Ceph icon

Ceph

Ceph

Plugin: go.d.plugin Module: ceph

Overview

This collector monitors the overall health status and performance of your Ceph clusters. It gathers key metrics for the entire cluster, individual Pools, and OSDs.

It collects metrics by periodically issuing HTTP GET requests to the Ceph Manager REST API:

This collector is only supported on the following platforms:

  • Linux

This collector supports collecting metrics from multiple instances of this integration, including remote instances.

Default Behavior

Auto-Detection

The collector can automatically detect Ceph Manager instances running on:

  • localhost that are listening on port 8443
  • within Docker containers

Note that the Ceph REST API requires a username and password. While Netdata can automatically detect Ceph Manager instances and create data collection jobs, these jobs will fail unless you provide the necessary credentials.

Limits

The default configuration for this integration does not impose any limits on data collection.

Performance Impact

The default configuration for this integration is not expected to impose a significant performance impact on the system.

Setup

You can configure the ceph collector in two ways:

Method Best for How to
UI Fast setup without editing files Go to Nodes → Configure this node → Collectors → Jobs, search for ceph, then click + to add a job.
File If you prefer configuring via file, or need to automate deployments (e.g., with Ansible) Edit go.d/ceph.conf and add a job.

:::important

UI configuration requires paid Netdata Cloud plan.

:::

Prerequisites

No action required.

Configuration

Options

The following options can be defined globally: update_every.

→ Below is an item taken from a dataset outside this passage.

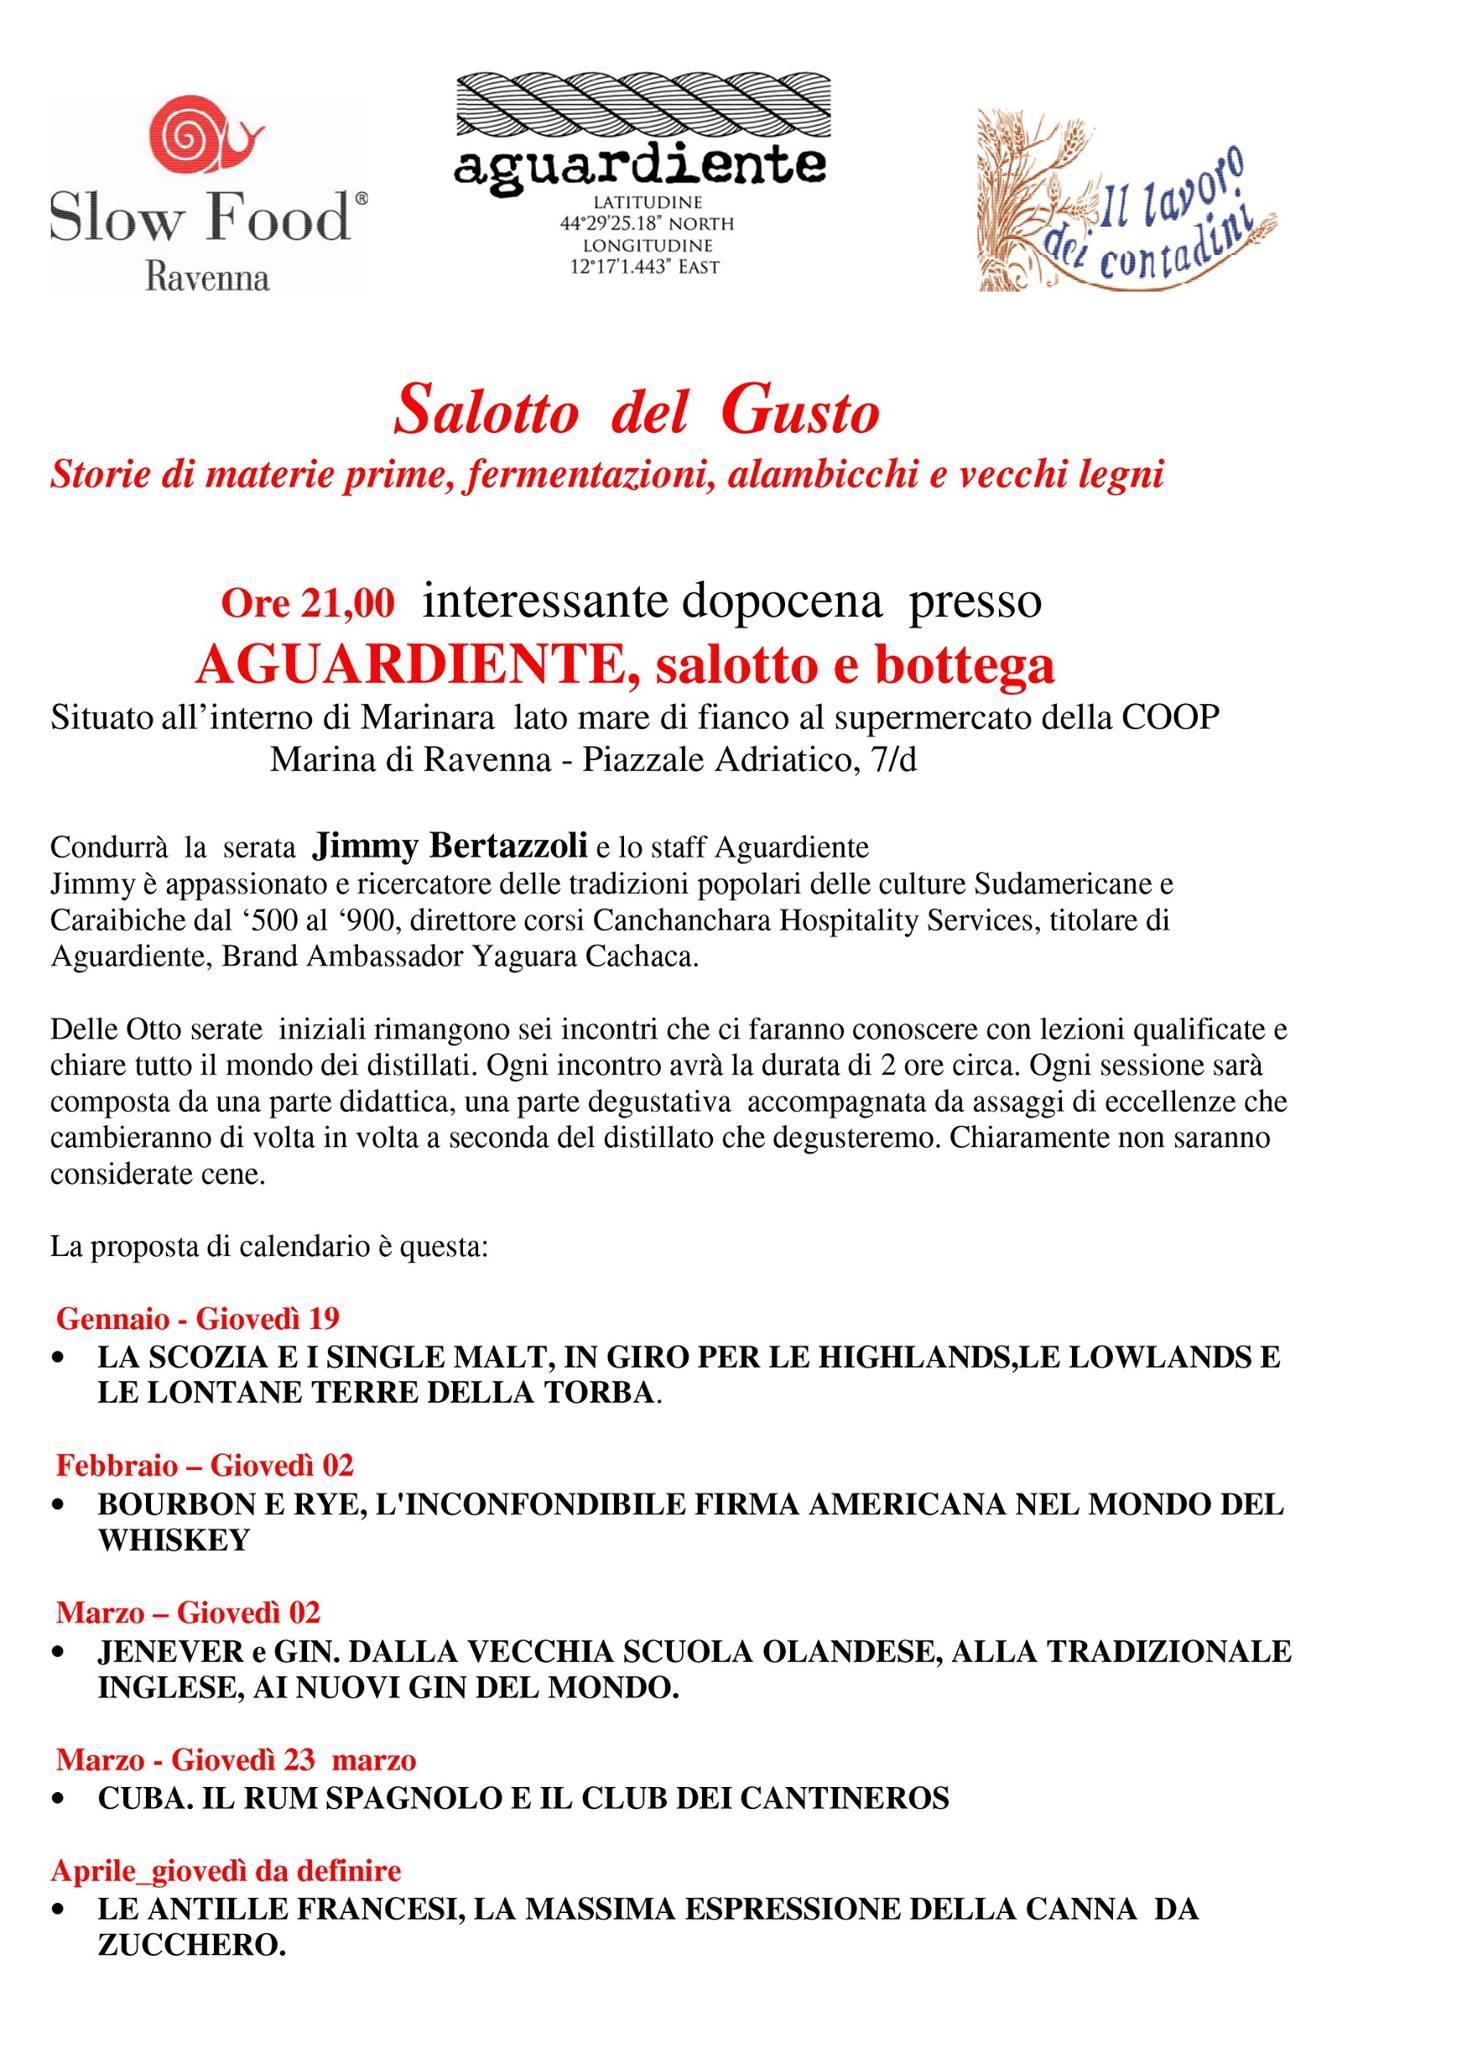 Slow Food Ravenna : idee per il dopocena

Group Option Description Default Required
Collection update_every Data collection interval (seconds). 1 no
autodetection_retry Autodetection retry interval (seconds). Set 0 to disable. 0 no
Target url The URL of the Ceph Manager API. https://127.0.0.1:8443 yes
timeout HTTP request timeout (seconds). 2 no
HTTP Auth username Username for Basic HTTP authentication. yes
password Password for Basic HTTP authentication. yes
bearer_token_file Path to a file containing a bearer token (used for Authorization: Bearer). no
TLS tls_skip_verify Skip TLS certificate and hostname verification (insecure). yes no
tls_ca Path to CA bundle used to validate the server certificate. no
tls_cert Path to client TLS certificate (for mTLS). no
tls_key Path to client TLS private key (for mTLS). no
Proxy proxy_url HTTP proxy URL. no
proxy_username Username for proxy Basic HTTP authentication. no
proxy_password Password for proxy Basic HTTP authentication. no
Request method HTTP method to use. GET no
body Request body (e.g., for POST/PUT). no
headers Additional HTTP headers (one per line as key: value). no
not_follow_redirects Do not follow HTTP redirects. no no
force_http2 Force HTTP/2 (including h2c over TCP). no no
Virtual Node vnode Associates this data collection job with a Virtual Node. no

via UI

Configure the ceph collector from the Netdata web interface:

  1. Go to Nodes.
  2. Select the node where you want the ceph data-collection job to run and click the :gear: (Configure this node). That node will run the data collection.
  3. The Collectors → Jobs view opens by default.
  4. In the Search box, type ceph (or scroll the list) to locate the ceph collector.
  5. Click the + next to the ceph collector to add a new job.
  6. Fill in the job fields, then click Test to verify the configuration and Submit to save.
    • Test runs the job with the provided settings and shows whether data can be collected.
    • If it fails, an error message appears with details (for example, connection refused, timeout, or command execution errors), so you can adjust and retest.

via File

The configuration file name for this integration is go.d/ceph.conf.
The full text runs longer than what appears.